Сеня верил всему. А второй мой друг Сережа с четвертого этажа верил мне из солидарности. Он был крепок, лобаст, коротко стрижен, хорошо боролся и сам умел порассказать замечательные вещи. Его отец, офицер и георгиевский кавалер, погиб еще на германской войне. Мать — молчаливая невысокая женщина, работала машинисткой. Сережа был самостоятельнее всех нас. Он сам ходил за покупками, разогревал себе обед. Мне иногда разрешалось ему помогать. В их квартире в шкафу хранилась отцовская уланская каска с квадратной нашлепкой, — еще с японской войны, — настоящая сабля и настоящее кавалерийское седло. Он научил меня новым словам, грандиозным и героическим: эфес, темляк, чепрак, седловка… Сережа рассказывал, как его отец одним ударом сабли рассекал немца от плеча до пояса. На стене висел портрет отца — настоящий герой: гордый взгляд, тонкие усики, широкая грудь с белым крестиком.
Но рассказчик не забывал и себя. Он ездил к отцу на фронт и сам стрелял; не из винтовки, конечно, ведь мал был, а из пулемета, — его поднимать не надо, только целься и нажимай. Этому верилось с трудом, но ведь Сережа по-дружески верил в то, что я под пулеметным огнем бегал по Дмитриевской улице и что у меня на глазах, в десяти шагах, — ну вот, как эта стенка, — из солдата вываливались кишки… Было просто нечестным сомневаться в том, что рассказывал он.

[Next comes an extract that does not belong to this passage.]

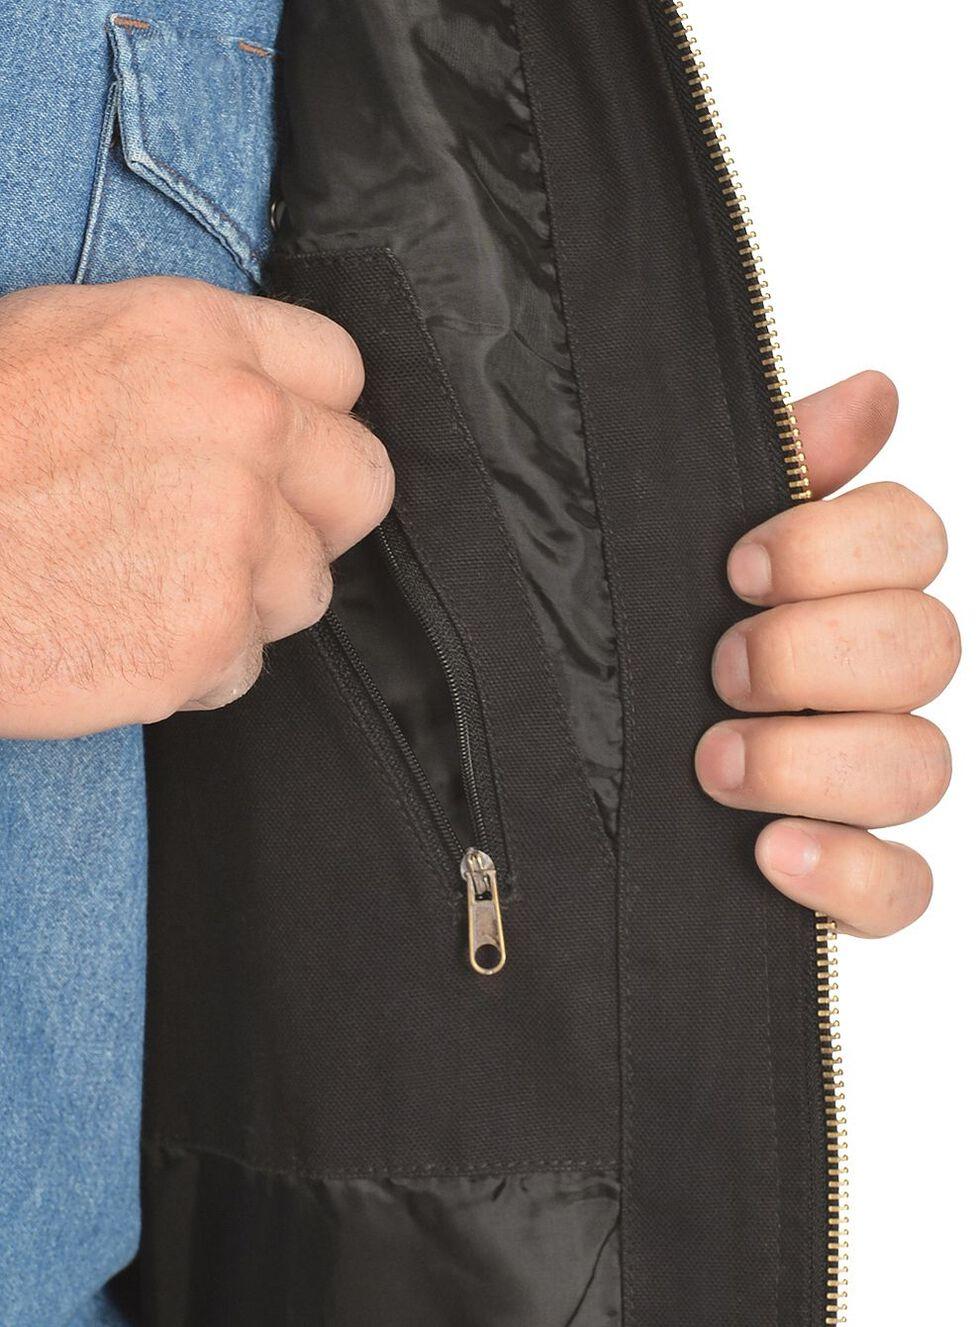 Gibson Trading Co. Men's Quilted Vest, Black, hi-res

А доверчивый Сеня, изумляясь, верил нам обоим. У него самого был только один сбивчивый рассказ о том, как его папа дружил со студентом, у которого брат в черной косоворотке делал бомбы, а папа тоже носил черную косоворотку, и мама его называла «горьковский босяк», а жандармы его арестовали, думали, что это он делал бомбы, и держали в участке и в тюрьме целую неделю и еще один день…
Сеня был за советскую власть. Он говорил, что Ленин и Троцкий великие вожди, что есть еще Буденный, Щорс, Котовский и Пятаков — они тоже вожди, хотя и поменьше. Но мы с Сережей твердо знали, что великими были Александр Македонский, царь Петр, Суворов и Наполеон; уж это бесспорно. Сережа называл великой еще и царицу Екатерину. Я возражал: женщина, не участвовавшая ни в одном сражении, не может считаться великой, и противопоставлял ей «старого Фрица», самого замечательного из немецких королей. Сережа не соглашался: ведь Екатерине подчинялся даже Суворов, а Фридрих воевал против России и был побит.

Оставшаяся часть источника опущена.